Cheers guys now for my second question. Whats eo? lol


----------



## hermie07 (Sep 16, 2008)

eo oil is Ethyl Oleate oil mate its meant to ease the pip have loads of this left too lol


----------



## Guest (Jan 6, 2010)

From what I have read the tnt400 is pretty painful for most. I think any injctable with that concentration of gear is going to hurt to be honest. I also got lumps from this like gyppo12345, which went away after a week or so.


----------



## Clubber Lang (Nov 4, 2009)

is this the TNT400 containing tren-en, test-en and mast-en?

if so id definately recommend using the EO dilute with it, even if you only running 2ml a week in 2x 1ml jabs.

i managed 7 weeks at 4ml EW with EO and had to through in the towel. Jabs sites were fine to begin with but the oils that thick it just doesnt absorb and sites werent recovering quicker enough. Was in quite some pain to be honest.

the results i got were fantastic, tho i did a 10 week tren-en and sust cycle before rolling onto the heavy TNTmast400 for 7 weeks.

depending on the dose you want, and funds available, id suggest buying each med seperate and running the cycle that way. It'll avoid possible PIP, proper pain! lol


----------



## Mars (Aug 25, 2007)

Clubber Lang said:


> is this the TNT400 containing tren-en, test-en and mast-en?
> 
> if so id definately recommend using the EO dilute with it, even if you only running 2ml a week in 2x 1ml jabs.
> 
> ...


Yeah, spot on, it's painful gear, the tnt 250 is a much better painless option, if you don't mind jabbing more often.


----------



## Testoholic (Jun 13, 2009)

horrible product, sorry but unless you like serious PIP and inflammation i wouldnt touch it.


----------



## Clubber Lang (Nov 4, 2009)

Testaholic said:


> horrible product, sorry but unless you like serious PIP and inflammation i wouldnt touch it.


agreed :beer:


----------



## Clubber Lang (Nov 4, 2009)

mars1960 said:


> Yeah, spot on, it's painful gear, the tnt 250 is a much better painless option, if you don't mind jabbing more often.

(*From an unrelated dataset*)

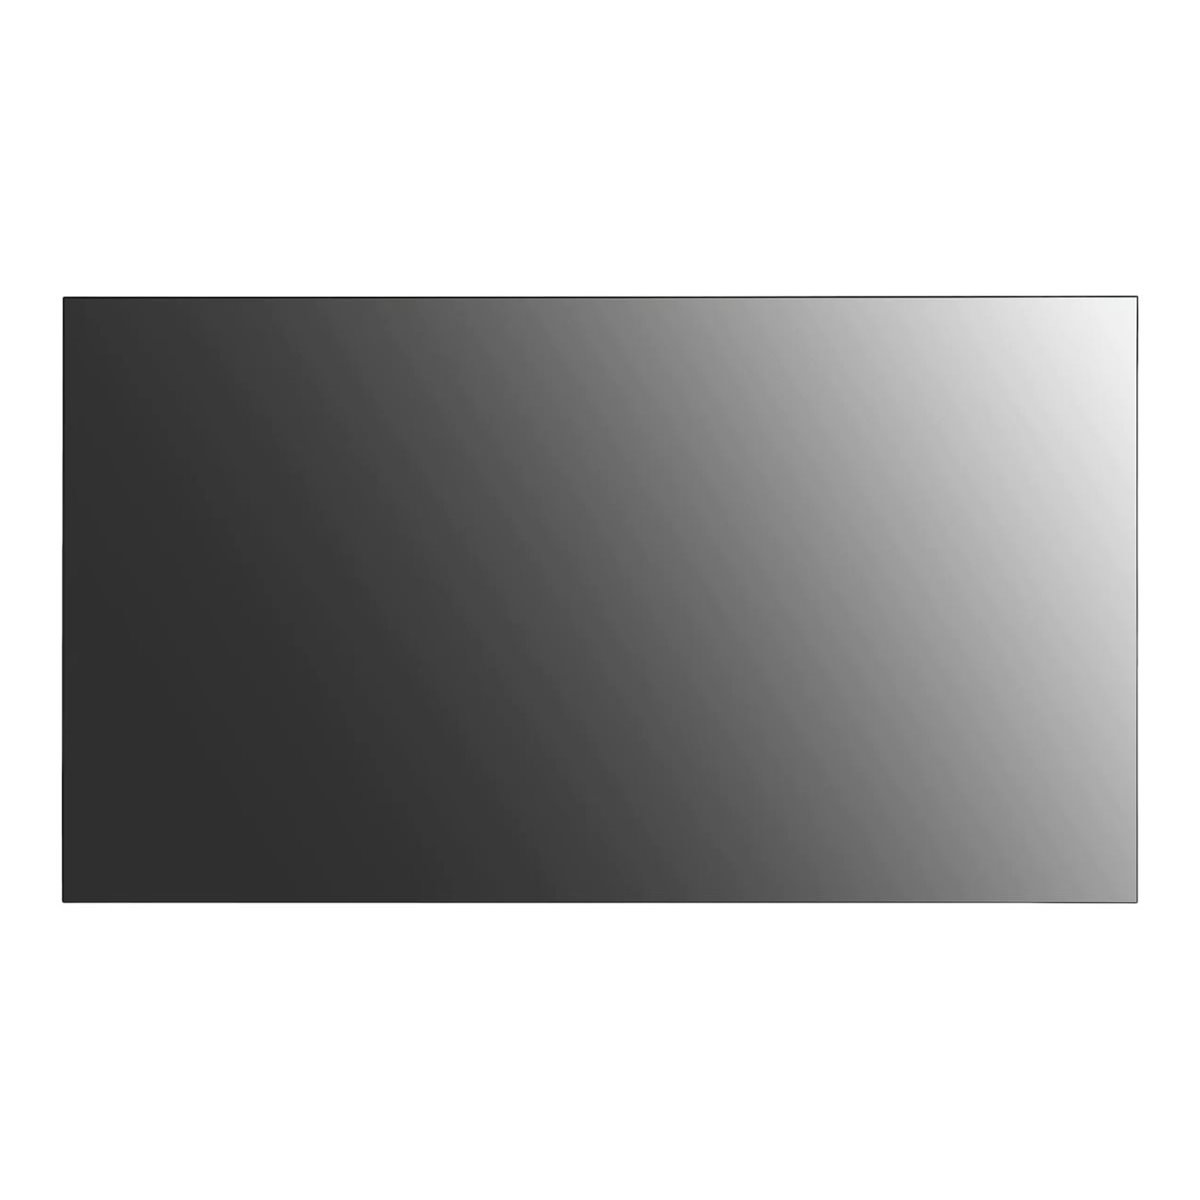 LG 49VL5G-A - Digital signage flat panel - 124.5 cm (49) - IPS - 1920 x 1080 pixels

the TNT-deopt is fine, its just Tren-e & Test-e. Used that blend as a base before adding other meds around it afew times in the past.


----------



## young-pup (Jan 26, 2009)

Clubber Lang said:


> the TNT-deopt is fine, its just Tren-e & Test-e. Used that blend as a base before adding other meds around it afew times in the past.


 this is what ive ordered tnt depot 400 not the tnt mast 400 should of mentioned that!


----------



## Testoholic (Jun 13, 2009)

young-pup said:


> this is what ive ordered tnt depot 400 not the tnt mast 400 should of mentioned that!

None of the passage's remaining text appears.